Generative AI Governance Strategy at Scale (Adobe)
Generative AI Governance Strategy at Scale (Adobe)
Chapters
Full transcript
The complete talk, organized by section.
Host Intro (Gene Kim)
So earlier this year we hosted an event where we had about 50 of some of the technology leaders I admire most. And what was so surprising to me was somewhere between a quarter and a third of them were responsible for some aspects of managing their enterprise AI rollout, just as you've heard earlier today.
But one of the stories that blew me away the most was from Brian Scott, currently Principal Architect at Adobe within the Cloud Ops organization. So his remit is vast, which includes assisting teams with engineering and technology onboarding to help them move fast. But what is incredible is that he now co-leads the effort, and is collectively responsible for creating the generative AI governance strategy for Adobe, which I believe is now the third largest software company in the world.

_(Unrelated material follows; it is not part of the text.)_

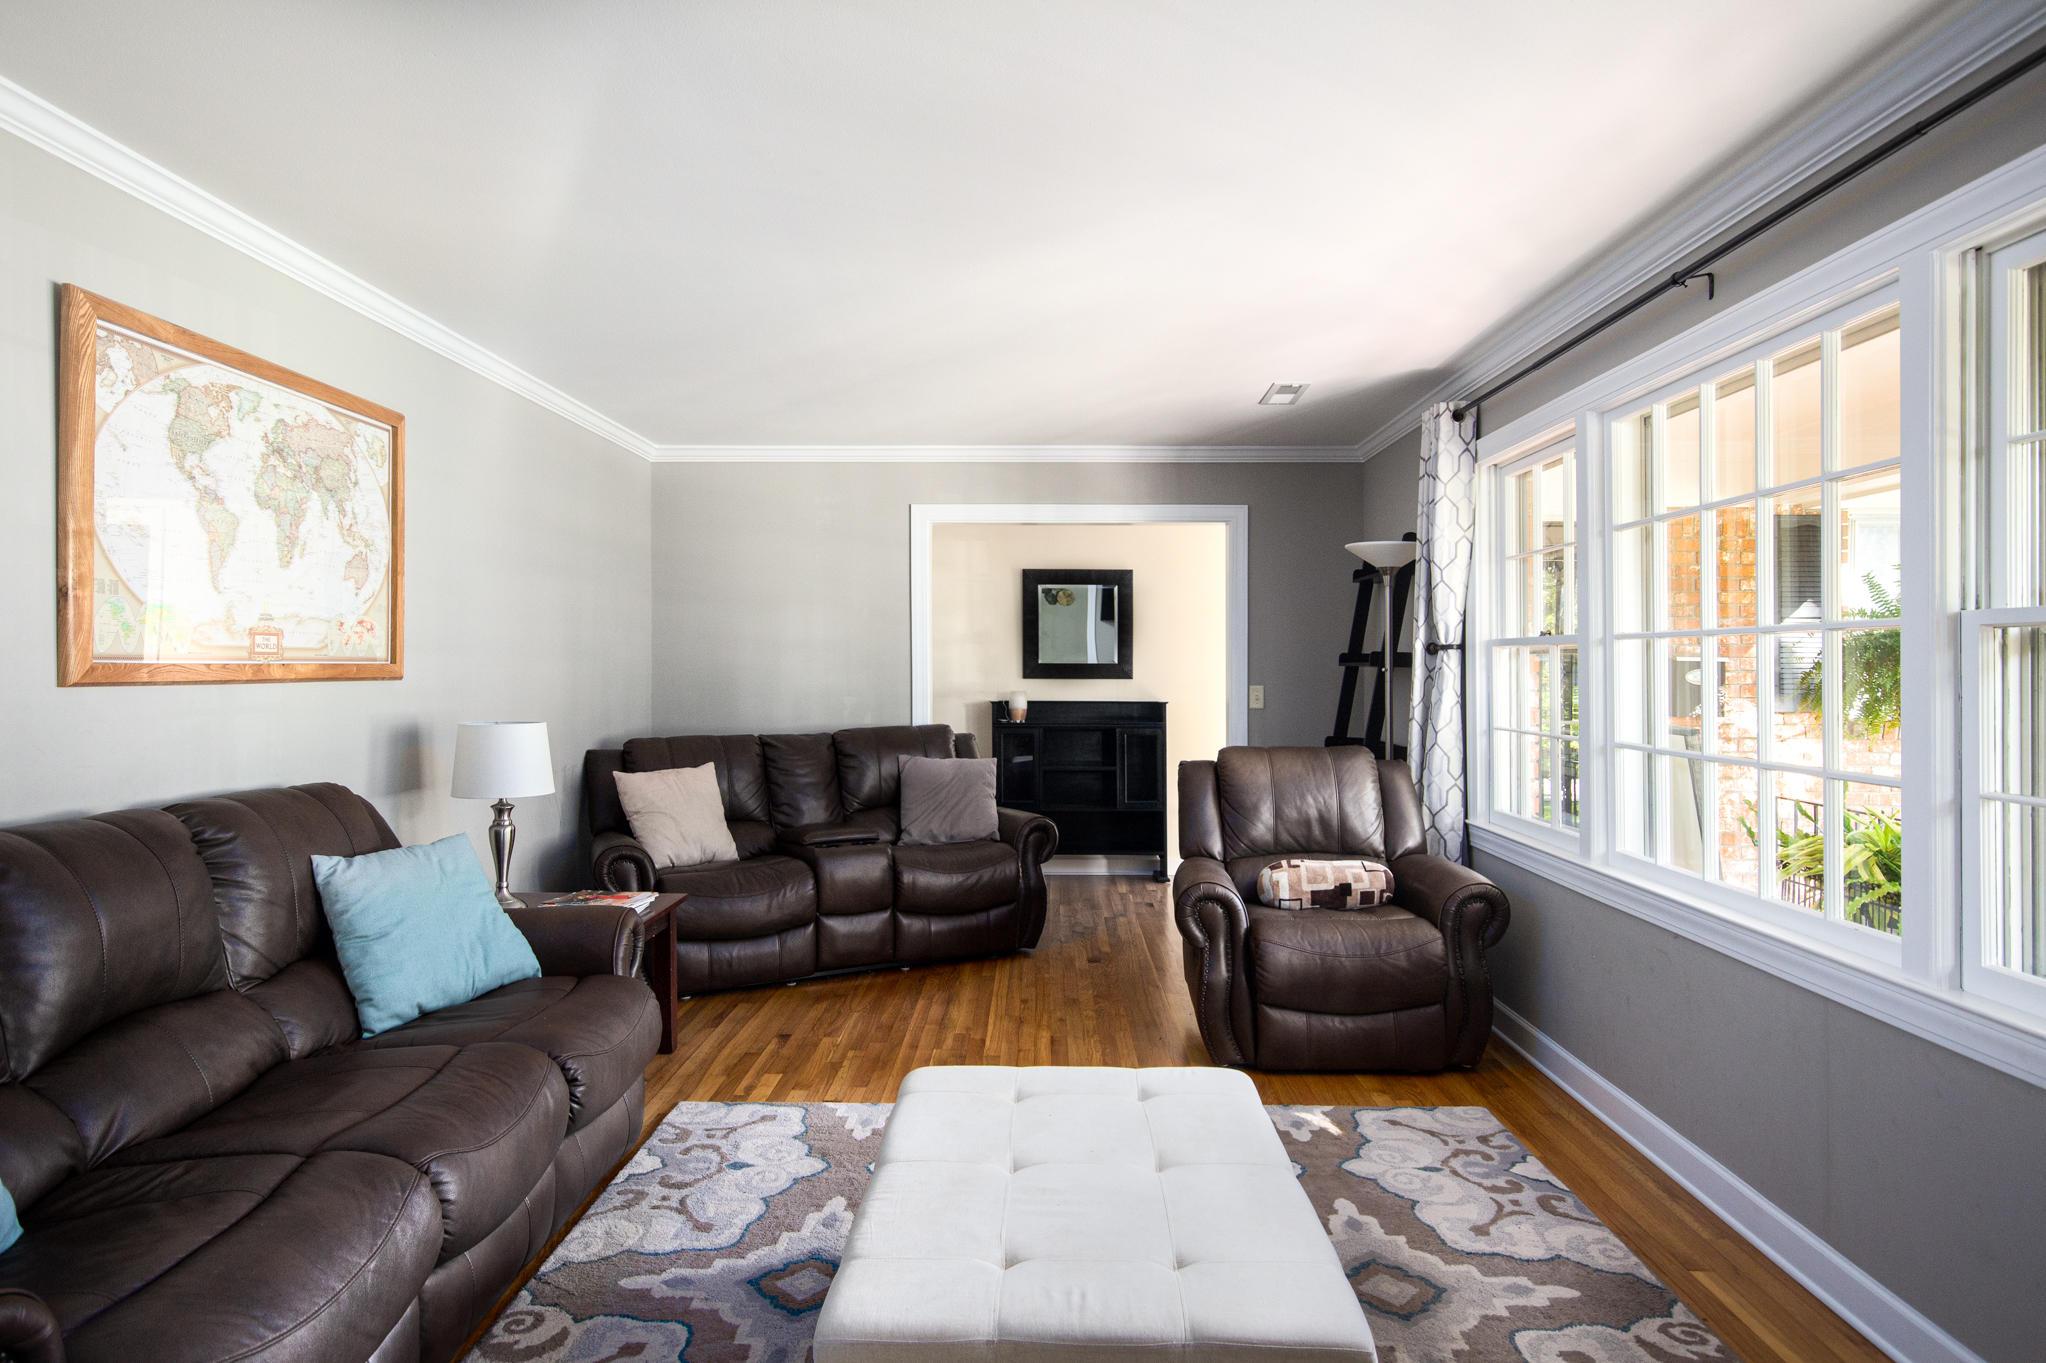 Belvedere Estates Homes For Sale - 6021 Rembert, Hanahan, SC - 11

He's working with this breathtakingly broad stake of stakeholders across the Adobe enterprise.
And I'd love this because he's gonna talk about how he's dealing with the infinite demand of things gen AI related for the thousands of creators within Adobe, and how they're trying to both maximize liberty but also maximize responsibility. Here's Brian.
Brian Scott
Hey everyone. How you doing? Looking all good there. Everyone having fun? How was your first day? Woo. First day was good. Alright, now from here on out is Gen AI all the way down. So sit back, relax, and enjoy the ride.
So I'm Brian Scott. I have the pleasure of supporting all of our engineers over at Adobe. We are primarily a creative company supporting multiple different products, roughly at the moment, 50-plus. And with that comes a lot of responsibility.

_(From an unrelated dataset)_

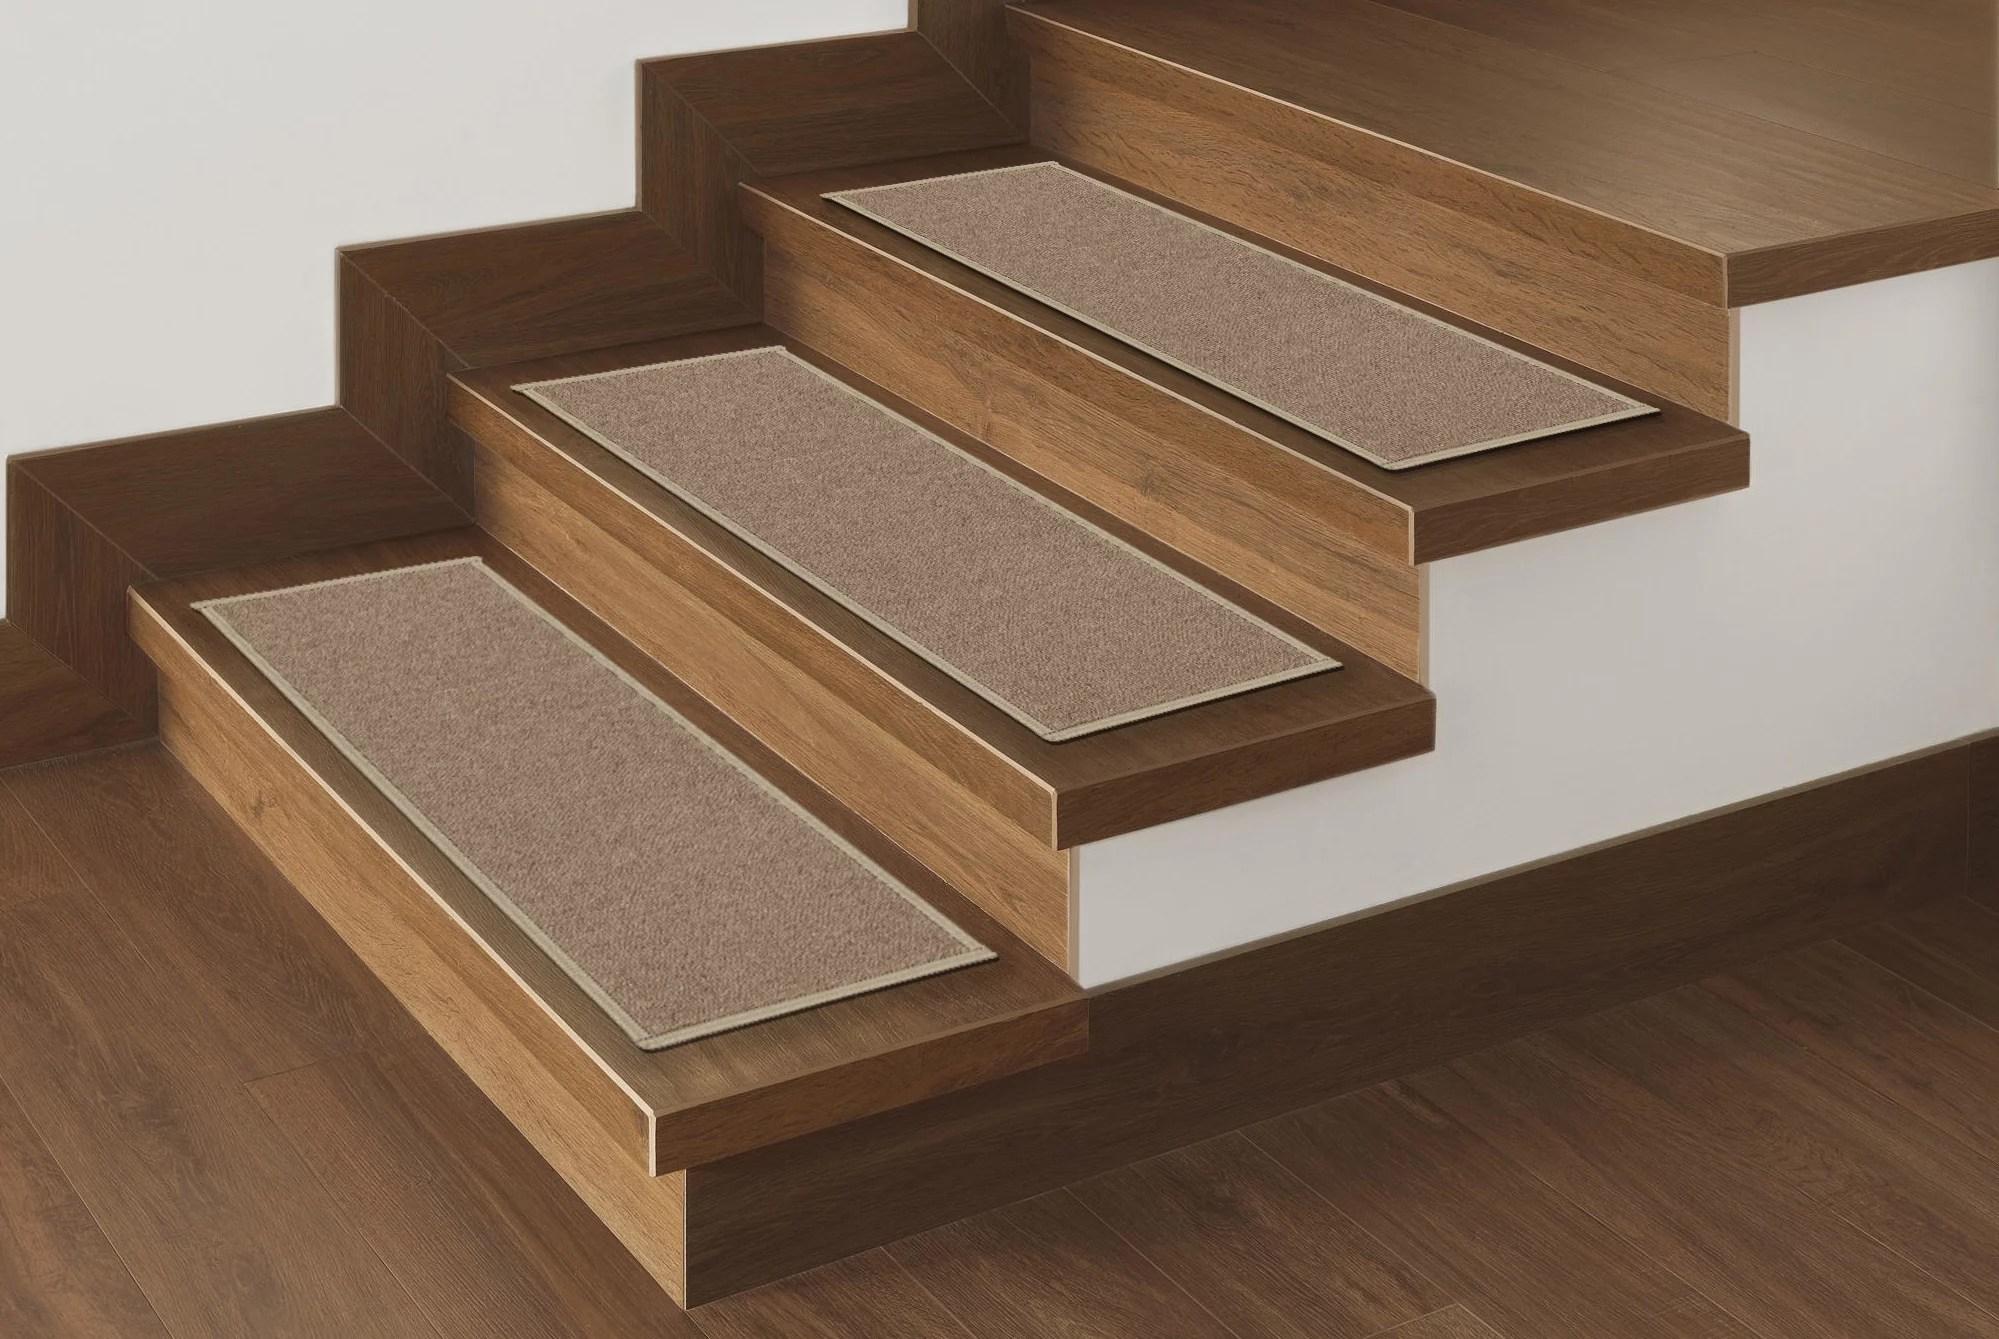 Ottomanson Non Slip Rubber Backing Stair Tread Dark Beige 8 5 X | Dark Carpet On Stairs | Gray | Monochrome | Wall | Modern | Metal Bar On Stair

Now, with that, Adobe has over 41 years of innovation starting from PostScript, when our founders created and founded Adobe, all the way through Macromedia Flash. The creation of the PDF — if you haven't heard of it already, it's this awesome portable format — as well as the acquisition of multiple different companies, including Omniture, which has now been rebranded as Adobe Analytics.
So whenever you're out in your day-to-day, interacting with the world, watching a movie, maybe buying a movie ticket, maybe drinking your favorite beverage or soda, you're interacting with some Adobe endpoint at some degree.
Now you've probably all seen the immersions of like Creative Cloud, right? And the coalition of multiple different products being offered up under a single umbrella. Well, Adobe is way more than that. We actually offer now not only creative products, but products that allow you to engage with your teams, allow your customer journeys, and understand the pathing of how your users integrate with your own products.
Now, we've also started to simplify some of our creative tooling with the emergence of Adobe Express and also Firefly. Firefly is our answer to text-image generation. And with this, Adobe has been leveraging AI for a pretty long time now, but where we started to struggle and started to rethink our strategy was the adoption of external tools and models.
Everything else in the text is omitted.